= Castle Book II =

Role-playing game supplement

Castle Book II is a universal role-playing game supplement published by Judges Guild in 1981.

==Publication history==
Following the release of Castle Book I in 1978, Judges Guild followed up in 1979 with Castle Book II, a 64-page softcover book written by Bob Bledsaw. The book was published in several editions from 1979 to 1981; early editions have a black & white cover, later editions a full-color cover.

==Contents==
Castle Book II is a gamemaster's aid that contains 50 maps of castles and forts drawn on hex sheets, intended to be used in wilderness encounters or for campaign design, and also contains tables for generating castle names randomly.

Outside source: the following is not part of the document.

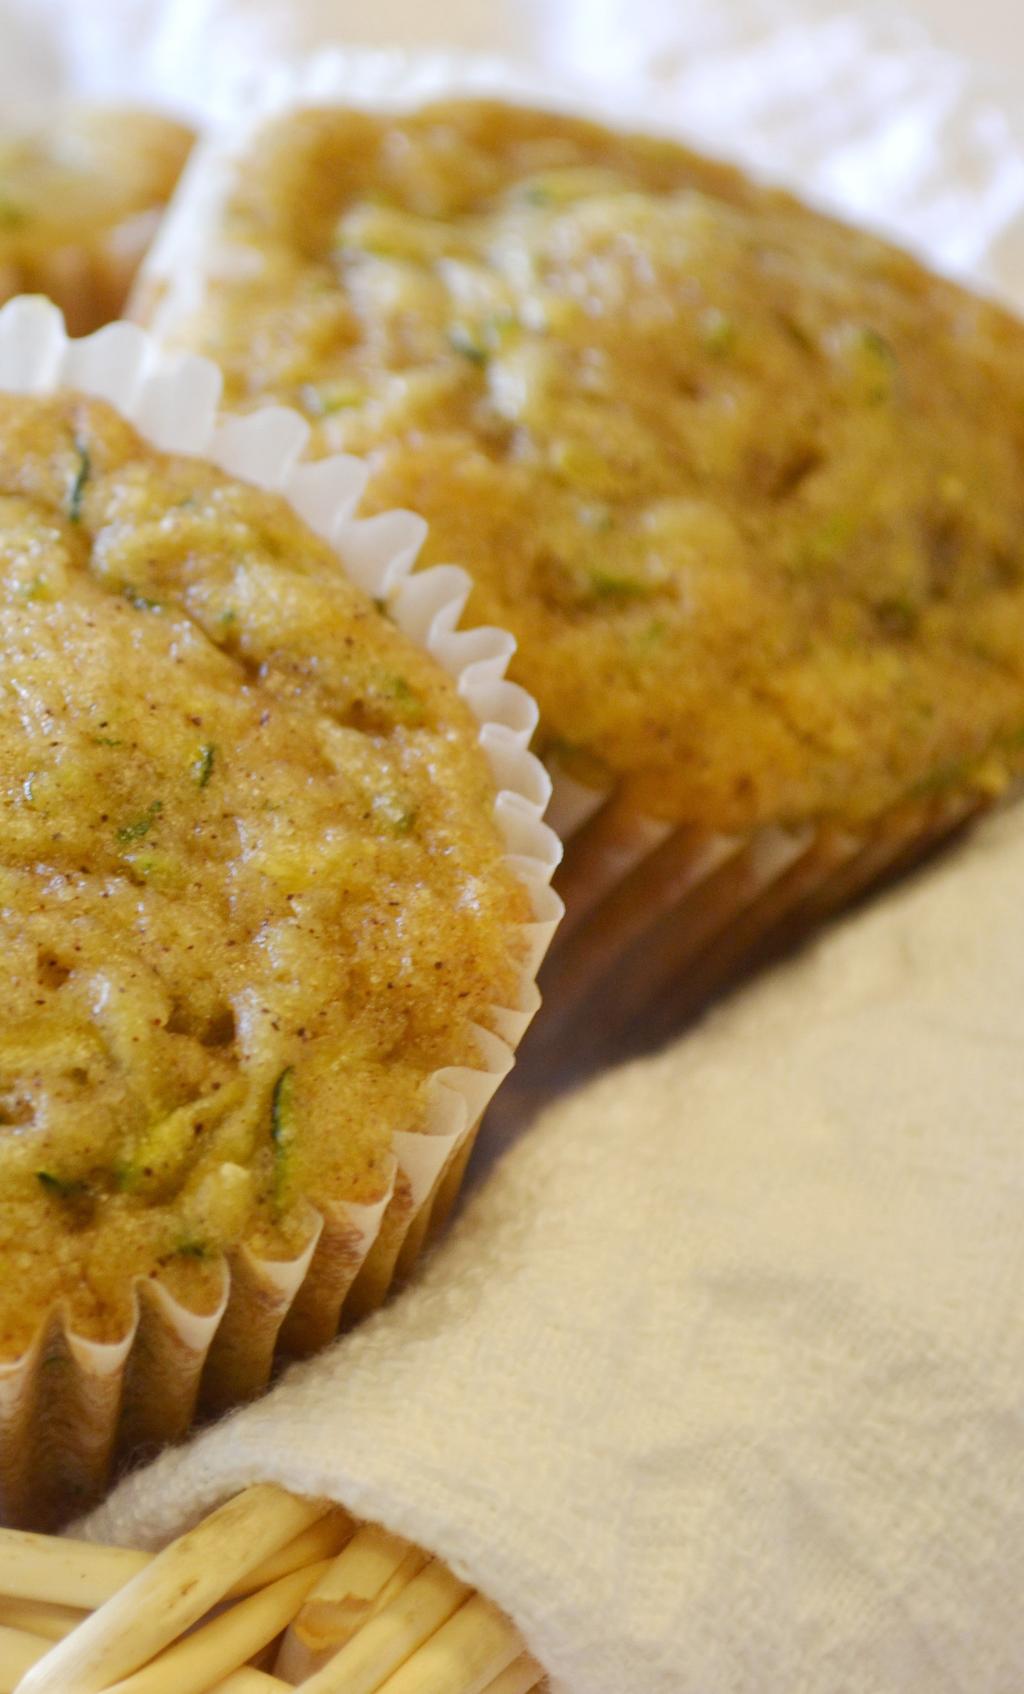 ZUCCHINI MUFFINS 30 min 12 servings 1 ½ cups all-purpose flour 1 cup sugar ½ teaspoon baking powder ½ teaspoon baking soda ½ teaspoon ground cinnamon ½ teaspoon salt ½ cup butter, melted 2 Eggland s

The material is not designed for a specific game system, allowing the gamemaster to adapt the material to any fantasy role-playing game.

==Reception==
In the May 1988 edition of Dragon (Issue #133), Ken Rolston said, "There are no details for the functions or contents of the individual buildings, but it’s nice to have the layouts when whipping up an adventure setting on short notice."

Ken Rolston reviewed Castle Book II and The Palladium Book of European Castles in White Wolf #40 (1994) and stated that "I only use European Castles for real quick-and-dirty improvisation. On the other hand, Castle Book II curiously remains fresh and useful for me despite its outdated design."